Velorios

No me gustan los velorios. Me parecen un regodeo morboso en el sufrimiento. Una formalidad caduca. Un exceso de dramatismo. Una ceremonia que extravía su sentido. Obviamente, me cuesta rebelarme a la tradición. Y por el peso del compromiso o por la fuerza de la amistad he tenido que asistir a más de uno. Además de los que me han tocado inevitablemente, los de mis familiares más cercanos. Pero incluso en esos, en los que el dolor ha sido raigal, el cansancio ha podido más.

En el velorio de mi padre, solo mi madre y mis tías estuvieron despiertas toda la noche. A las cuatro de la mañana yo mismo me quedé dormido, en el sillón incómodo de la funeraria. Me desperté sobresaltado, avergonzado por lo que me pareció una falta de sensibilidad. Pero ya les digo: casi todo el mundo dormía. ¿No hubiera sido mejor que cada uno se hubiera ido a descansar a su casa?

Yo hubiera preferido un funeral mucho más corto. Logré adelantar el entierro, previsto casi al mediodía. Bien temprano en la mañana despedimos a mi padre, en el cementerio de Sabanita, en la misma bóveda donde descansan mi abuela y mi abuelo. No fue mucha gente al entierro, estaban solo los íntimos.

Alguien me explicó las bondades de nuestros velorios. Yo le dije que prefería la tradición anglosajona, donde el funeral suele ser más somero y menos tremebundo. Esa persona, que es una persona muy inteligente, me ripostó: “Pero los anglosajones lidian peor con el duelo. Esa sencilla ceremonia no les alcanza para exorcizar todos los dolores. El velorio de la tradición latina puede parecer excesivo, pero el cansancio de tantas horas acaba por atenuar la tragedia de la muerte. Después del entierro, los dolientes van a descansar la mala noche. Cuando despiertan, están más tranquilos, más conformes. Sienten que han cumplido con el muerto, que le han rendido todos los homenajes posibles y que ya es hora de seguir viviendo”.

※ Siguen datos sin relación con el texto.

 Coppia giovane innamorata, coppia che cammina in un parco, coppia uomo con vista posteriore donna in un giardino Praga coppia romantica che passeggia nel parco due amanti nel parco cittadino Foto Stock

Me pareció un punto de vista interesante; es más, creo que tiene toda la razón. Los latinos siempre hemos sido pródigos a la hora de manifestar nuestras alegrías y nuestros dolores. El velorio funciona también como espacio de interacción social, lugar para encontrar amigos que hacía tiempo que no veías, para contarse las últimas noticias y los últimos chismes, para incluso hacer cuentos y bromas… Y todo en el contexto mayor del tributo al difunto: hasta el chiste más irreverente es de alguna manera un homenaje. La normalización de la muerte, diría mi amigo.

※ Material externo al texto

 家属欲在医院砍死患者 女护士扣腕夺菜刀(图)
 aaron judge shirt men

Yo recuerdo perfectamente mi primer velorio. Ya era un adolescente. Mis padres, que iban mucho a los velorios, consideraban que no eran un acontecimiento apto para los niños. Así que la primera vez que entré en una funeraria fue cuando murió el abuelo de una querida amiga, compañera del instituto.

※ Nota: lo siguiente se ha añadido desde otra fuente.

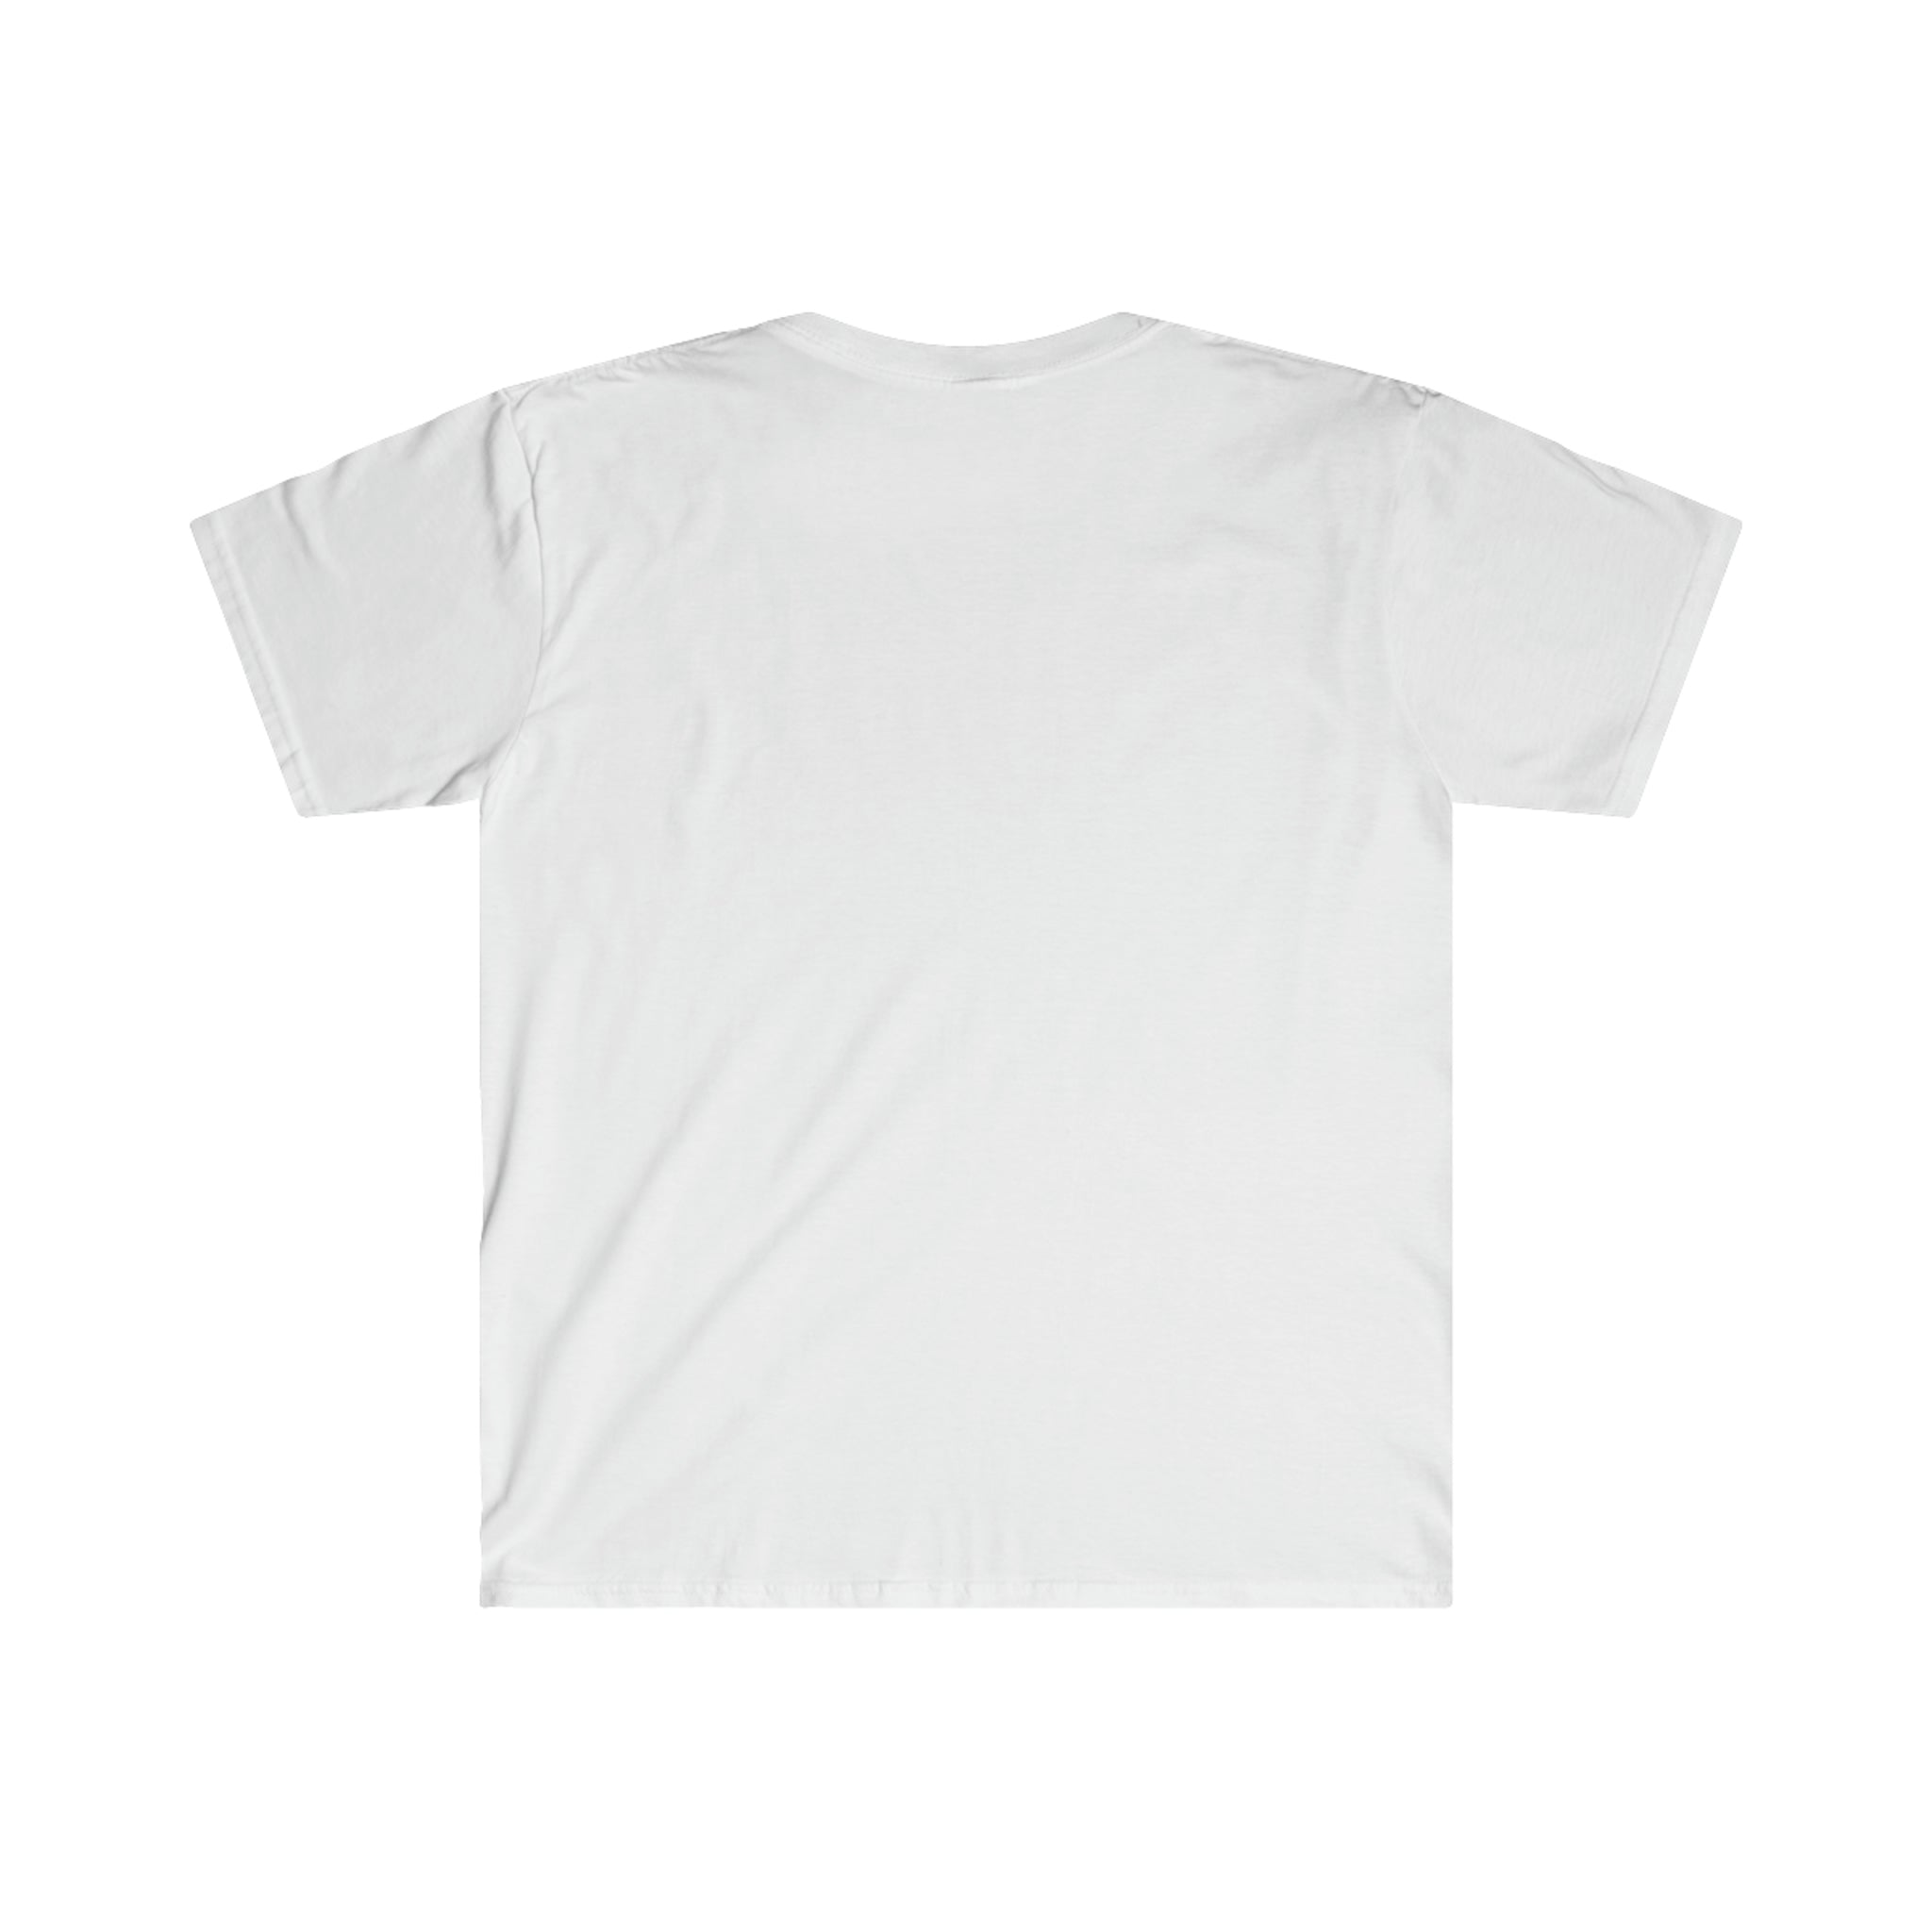 Printify T-Shirt Music City - Unisex Softstyle T-Shirt

Me turbé un poco ante las muestras de dolor de los familiares: cada vez que entraba alguien más o menos cercano, se sucedían las exclamaciones, los abrazos, las lágrimas. Por suerte, mi amiga simplemente me abrazó y me dio las gracias por estar allí.

Ahí estaban, por supuesto, muchos de mis amigos del instituto y de la secundaria. Hicimos un grupo, nos pusimos a conversar. Los temas, al principio, eran muy serios, hasta solemnes: la efímera condición de la vida, la importancia de los afectos, los muchos valores y virtudes del difunto.

Pero poco a poco la tertulia se fue animando, yo creo que sin proponérnoslo, y a la media hora ya estábamos haciendo cuentos bastante subidos de color.

Los que me conocen saben que se me da bastante bien narrar anécdotas. Incorporo personajes y recreo las situaciones. De cuando en cuando exagero un poquito, para que la historia tenga más sazón. Estaba muy entusiasmado contando una aventura de una escuela al campo cuando escuché a mi amiga romper a llorar. No la habíamos visto, estaba sentada cerca de nosotros, detrás de una columna. “¡Ay Yuris, cómo se rió mi abuelo el día que tú le hiciste ese cuento!” Y se deshizo en lágrimas.

Yo no supe qué hacer. Balbuceé una disculpa, pero no logré consolar a mi amiga. Me fui a mi casa con la carga de la culpa, a pesar de que todo el mundo me dijo que esas cosas pasaban constantemente en los velorios. La vergüenza me duró días. Decidí que iría a muy contados funerales. Espero que muchos de mis amigos hayan perdonado mi ausencia.